To discuss this example, I'll use the terminology convention that [m, n) denotes a number >= m and < n. I'll also simplify the discussion by assuming that LONG, ULONG, and DWORD are all 32 bit quantities; the code appears to make this assumption in a couple of places.
1. The general format of a LCRNG (linear-congruential random number generator) is seed = seed * C1 + C2, and the programmer apparently thought that's what he or she was doing. However, that's not what the code says; the code says seed = seed * (C1 + C2). Since C1 and C2 are both odd, this has the effect of seed = seed * even -- so seed will never come out as an odd number. This means that if an even lower and upper bound are passed in (more about that below), the result will always be even ... not good. And in fact, several people pointed out that the number of zero-bits at the end of seed increases by one for every time this thing gets called seed becomes zero; at that point, there's another call to GetTickCount and things start again.
The statement should have been written
seed = (seed * 0x41C64E6D) + 0x3039;
Several people hypothesized something along the lines of
Oh, I get it -- someone "corrected" this perfectly correct code:
seed = seed * 0x41C64E6D + 0x3039;
to the far more concise, incorrect *= form. Nice.
It's certainly possible. I don't know about the "Nice", though.
2. The modulus operation is wrong in a couple of ways. As written, some value is computed, and then taken mod UpperBound; but this does not consider LowerBound at all, so (LowerBound > 0) could return a result < LowerBound. At first it looks like just a parenthezation problem; should it have been
rand = LowerBound + ((seed & 0x7FFFFFFF) % UpperBound); // STILL WRONG!
Nope; now you're getting a number in the range [LowerBound, LowerBound + UpperBound) ... so
rand = LowerBound + ((seed & 0x7FFFFFFF) % (UpperBound - LowerBound)); // Better, but see #3 and #4
3. What about the signedness? Several people questioned why seed is a LONG rather than a ULONG (since so much care is to make everything else a ULONG); that's a good question. It's worse than just a clarity problem; the masking of the seed with 0x7FFFFFFF essentially chops out half the range. Consider the case where LowerBound = 0 and UpperBound > 0x80000000 (which is possible, since it is a ULONG). Now seed & 0x7FFFFFFF will always be less than 0x8000000, so there's an entire chunk of possible values that won't actually be generated.

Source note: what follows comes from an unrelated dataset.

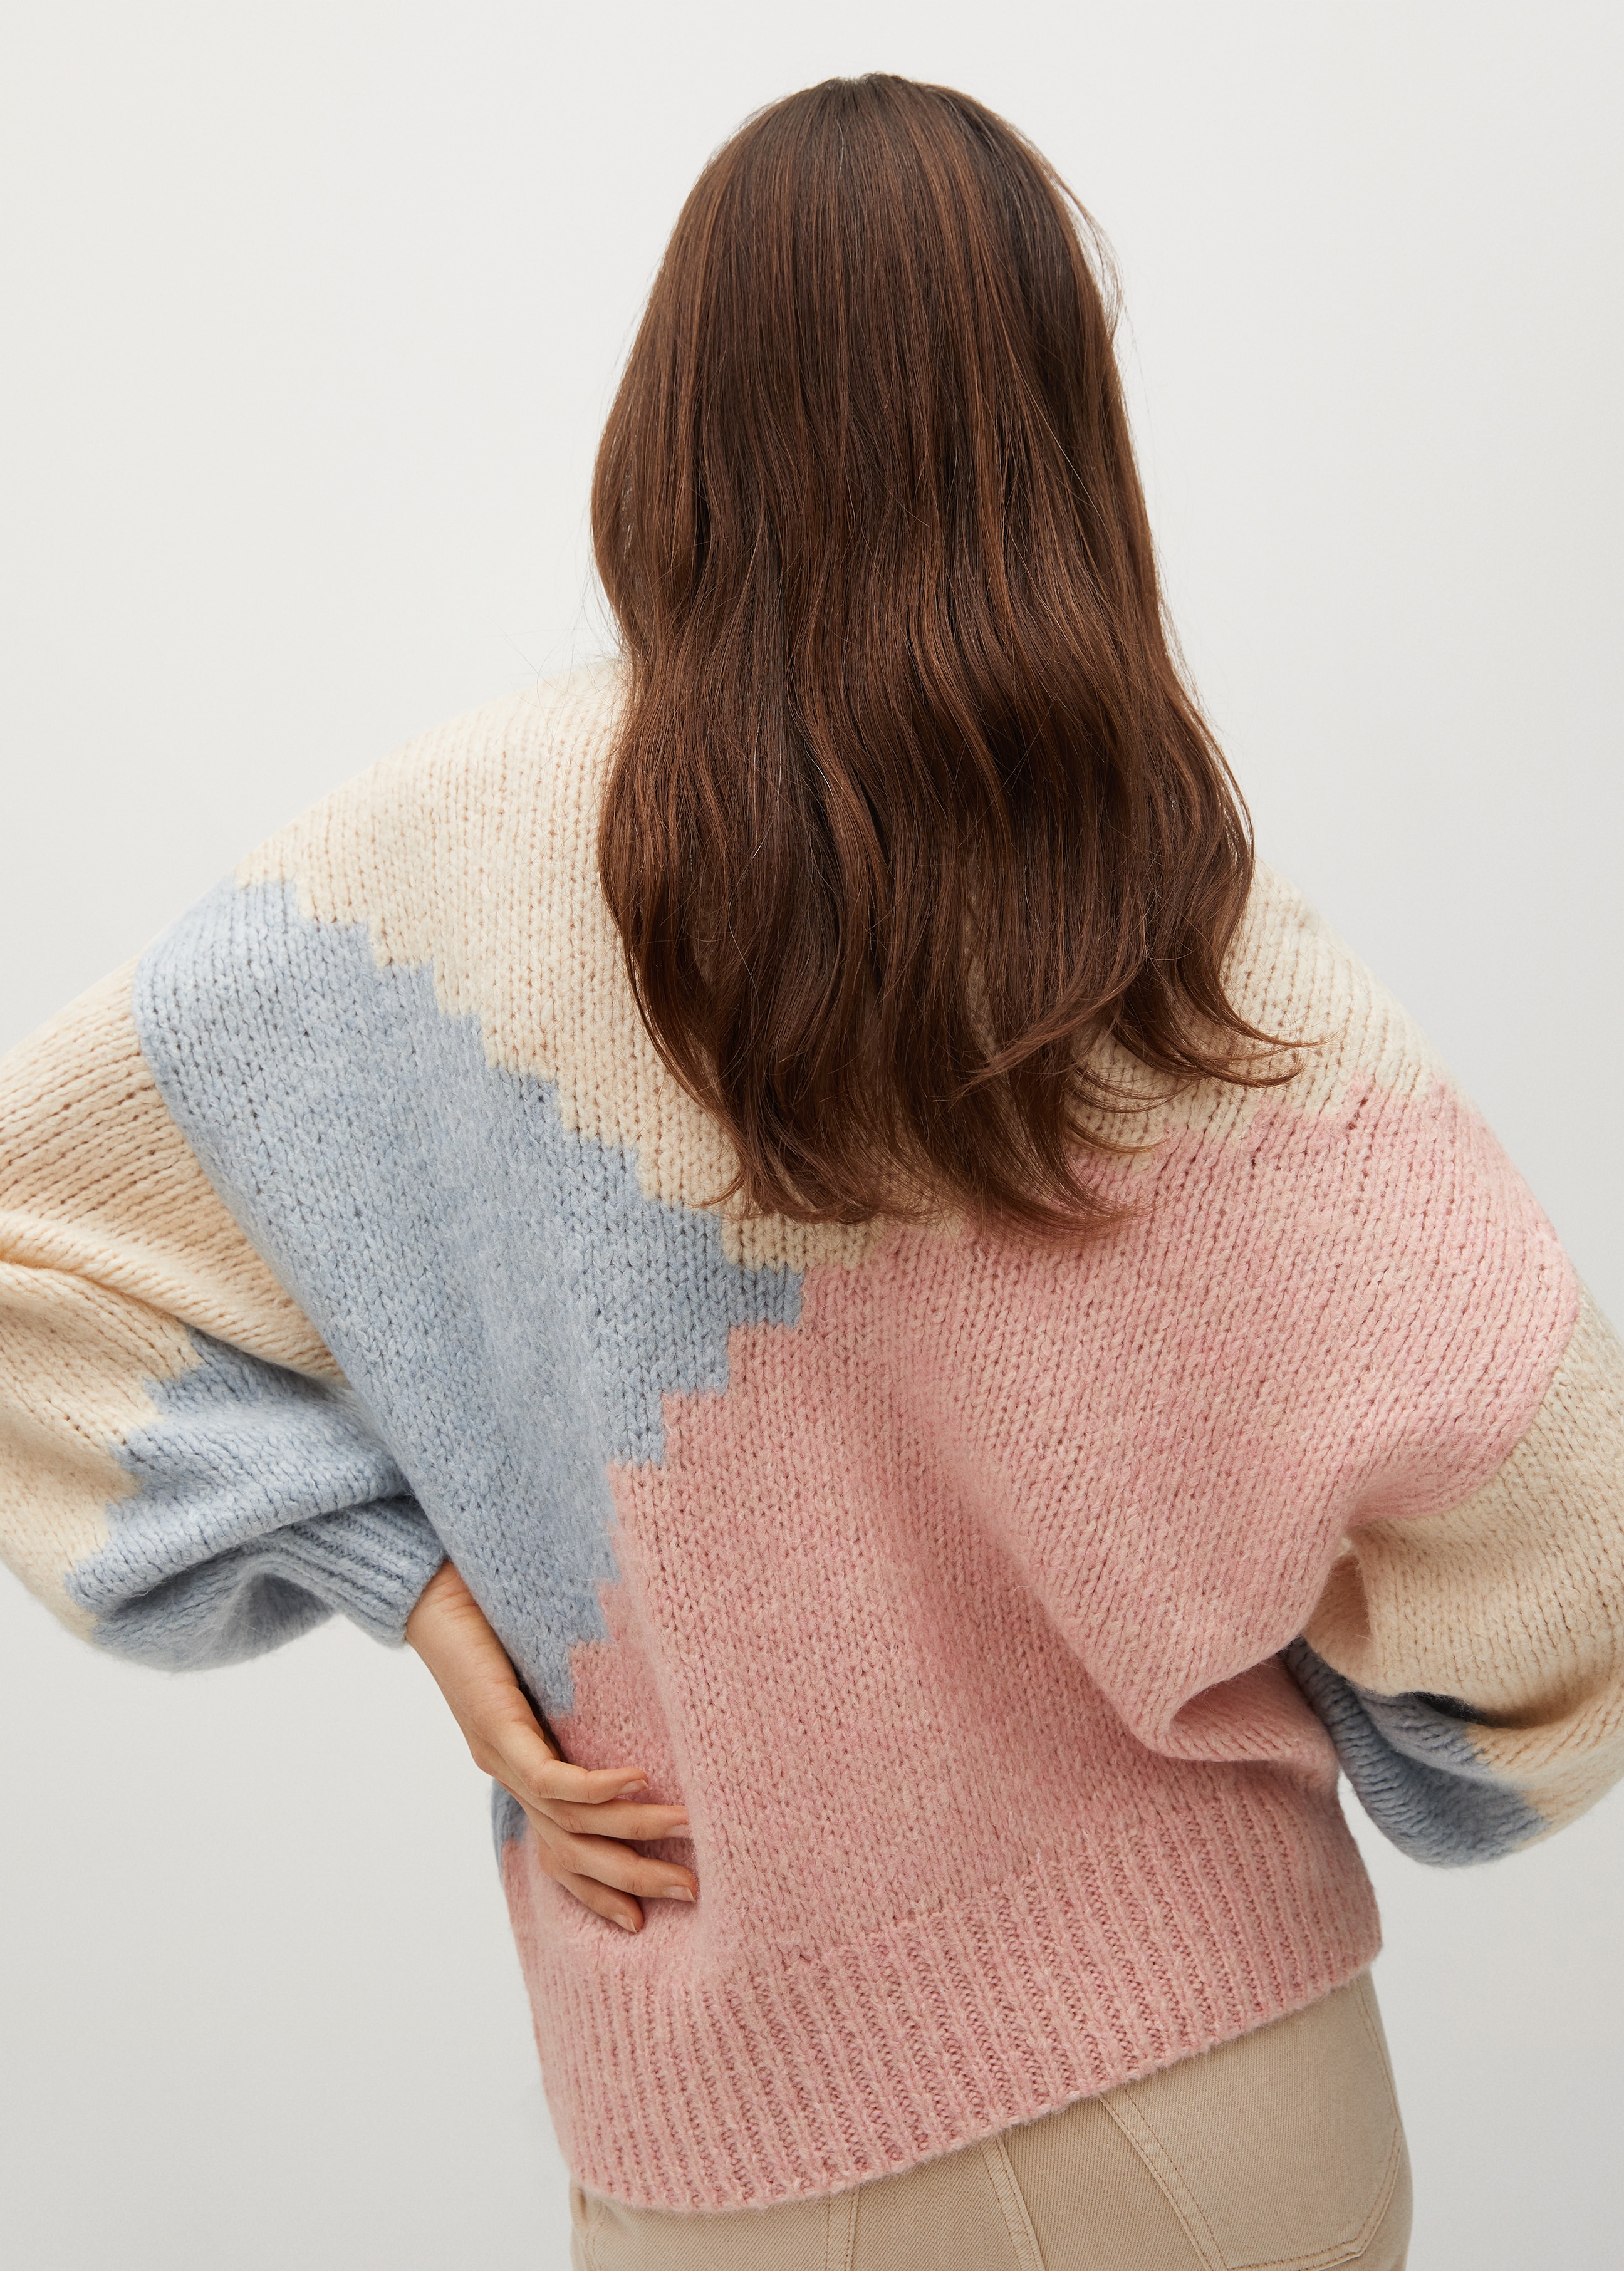 Multi-colored knit sweater - Reverse of the article

It could be objected that for the particular application that this function was used in, this situation would never come up -- it would always be called with values that were originally signed longs, and hence < 0x8000000. Well, fine; but if that's really the intent, it's much better to make the function prototype LONG GenerateRandom(LONG, LONG) ... but of course that brings up the question as to whether this could work on negative values ... hmm, this is also problematic. It seems to me that it's better to leave it as ULONGs, change the declaration of seed to be a ULONG as well, and remove the unnecessary bitwise-and.
rand = LowerBound + (seed % (UpperBound - LowerBound)); // Better still, but see #4 and #9
There's also a signed/unsigned mismatch with DWORD and LONG. This seems harmless (yes, it could lead to an overflow on conversion, but this routine is intentionally introducing overflows all the time), but it deserves a comment at the very least -- and perhaps an explicit cast to make it obvious that this is what is intended.

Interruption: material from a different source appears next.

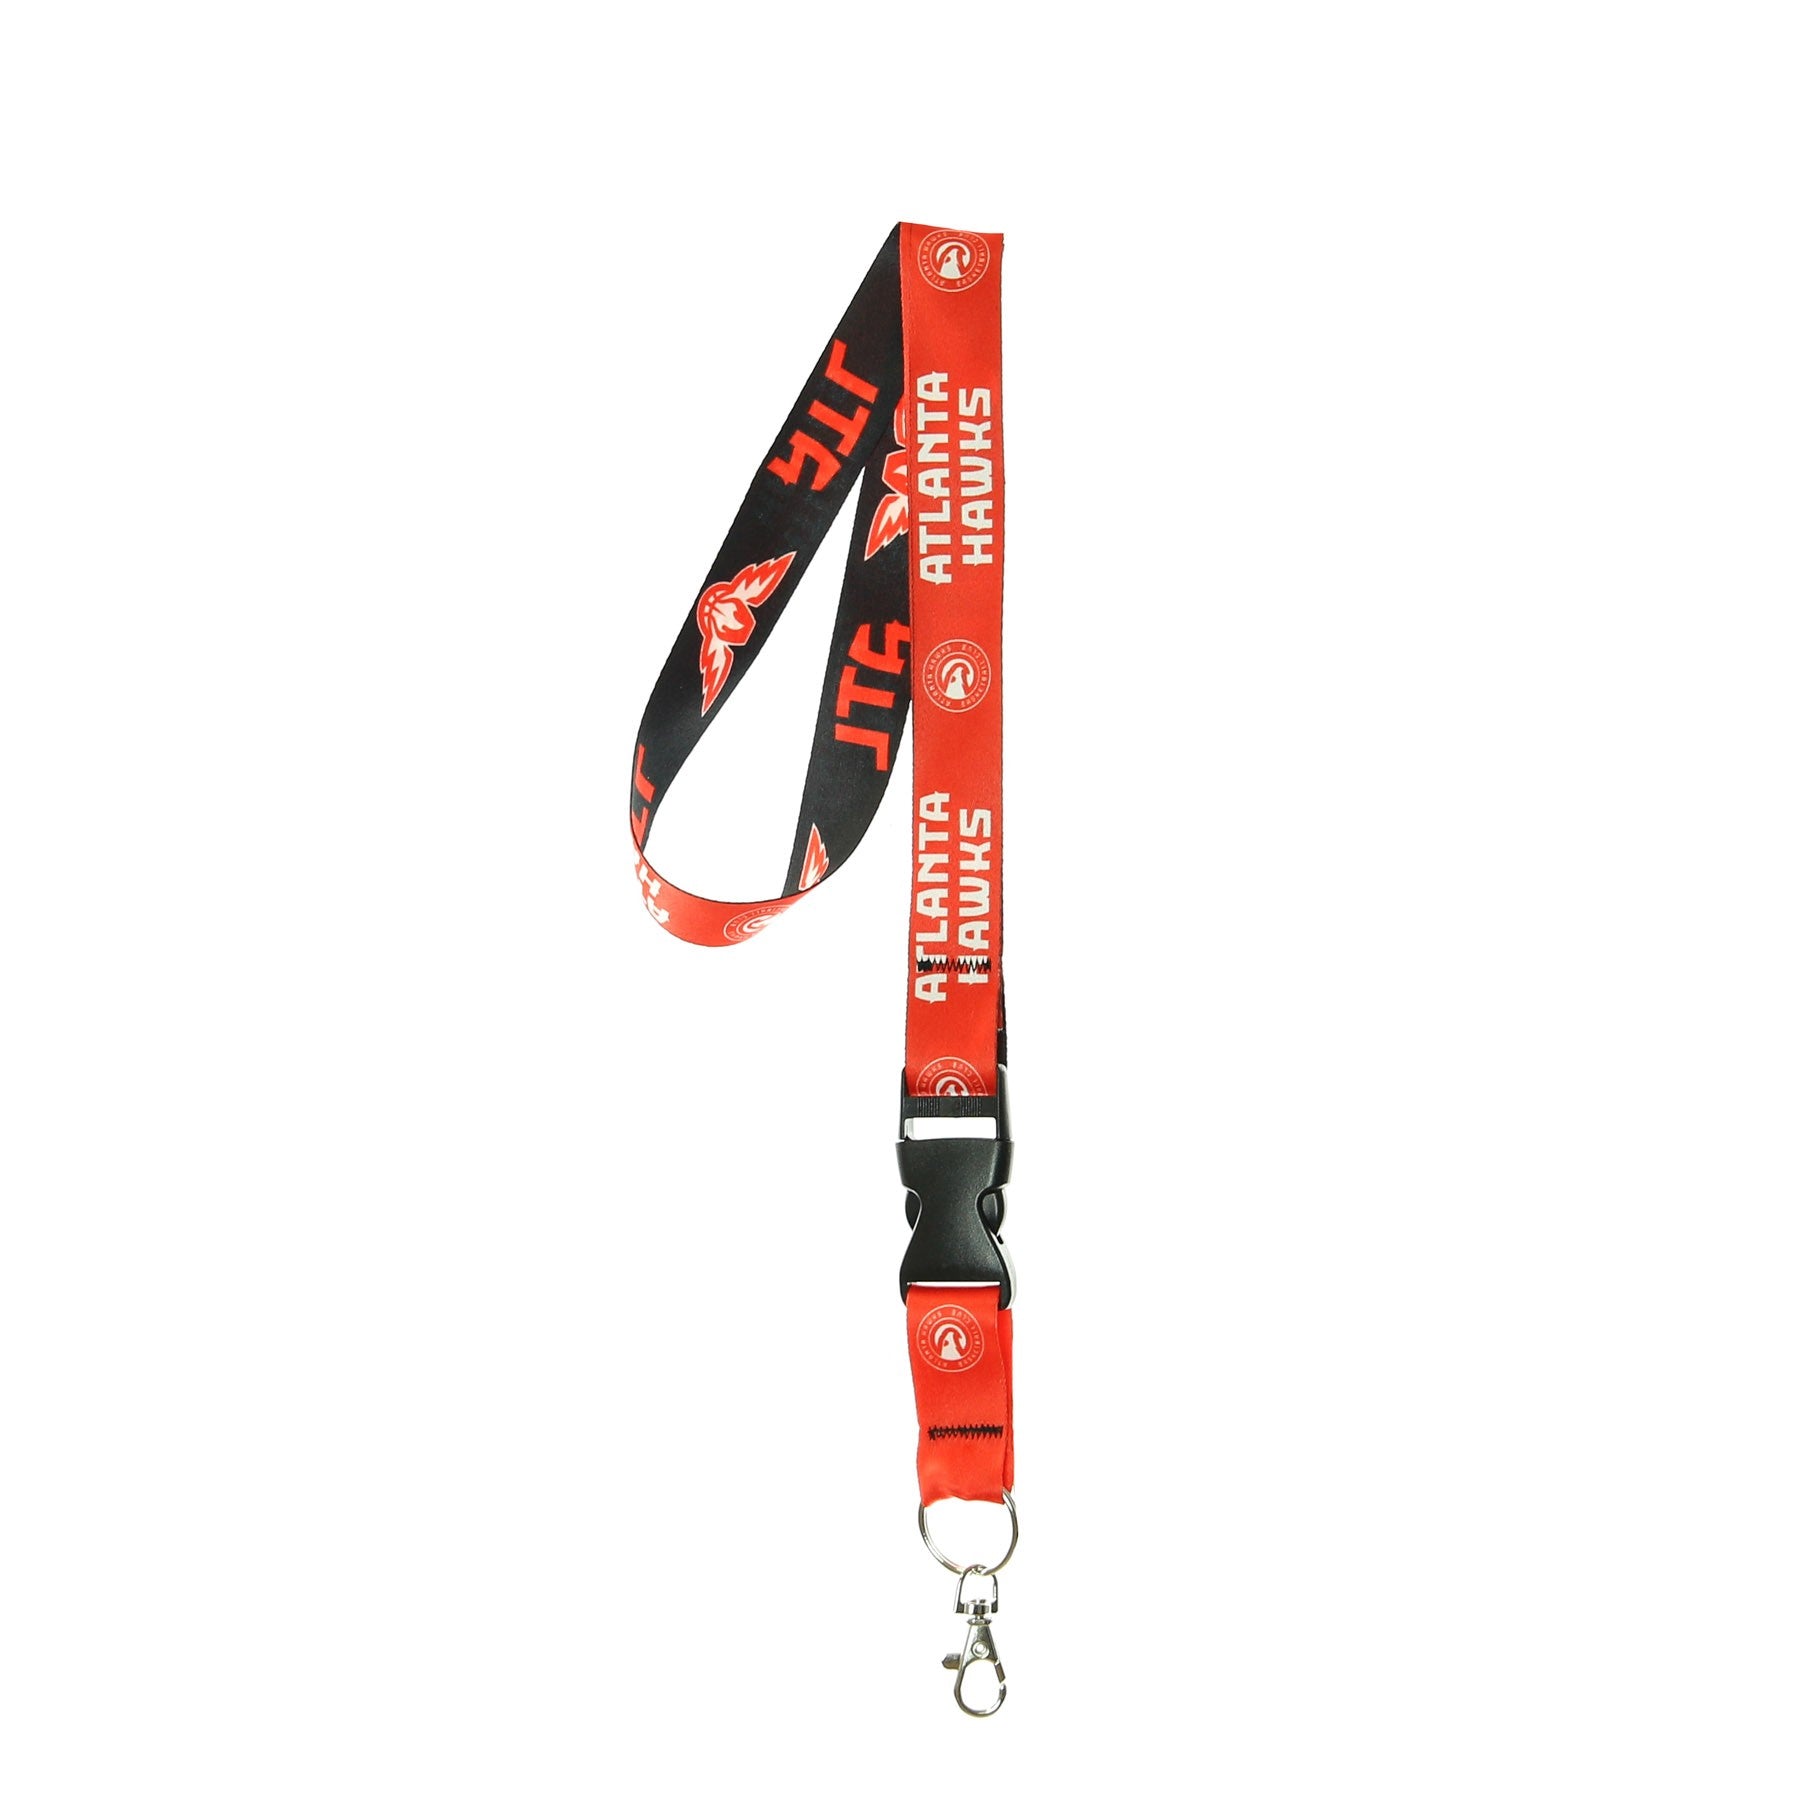 Unisex Nba Lanyard Keychain With Buckle Atlhaw Original Team Colors

4. If the program is called with UpperBound == 0, you'll get a divide-by-zero exception. I hate it when that happens.
The fix in #3 (where you'll get a divide-by-zero if UpperBound == LowerBound) makes it clear that the underlying problem here is that the "specification" (comment describing the behavior) is somewhat ambiguous: it doesn't specify any preconditions, and it doesn't say what happens if UpperBound <= LowerBound.
So, what should be done here? There are various possibilities. The easiest in some ways is simply to update the comment to make it clear that this is illegal (in which case it's on the caller's head if she does it); this gets the implementer off the hook, but if you want the function to be used in more than one place, puts a lot of burden on the caller. Another possibility is to check to ensure the correctness of the parameters and do something if they're not; in this case, you could conceivably return 0xFFFFFFFF, which isn't a possible return value for any possible input values (or you could raise or throw an exception); now the caller is responsible for checking the return value, and it seems like this could be a very easy thing to overlook. Still another possibility is to change the function prototype to return a status of some kind -- a BOOL, HRESULT or NTSTATUS or whatever the preferred status type is for the API that it's a part of. Once again the burden is on the caller to check, but it's somewhat clearer now just from the function's prototype that checking needs to be done. The Win32 API CryptGenRandom, for example, returns a BOOL. Finally, it might be possible to extend the specification so that the function doesn't fail for any value of inputs, something along the lines of "returns a random integer in the range [min(LB, UB), max(LB, UB)] unless LB==UB in which case it returns LB"; but you really have to ask yourself whether this would lead to anything more usable.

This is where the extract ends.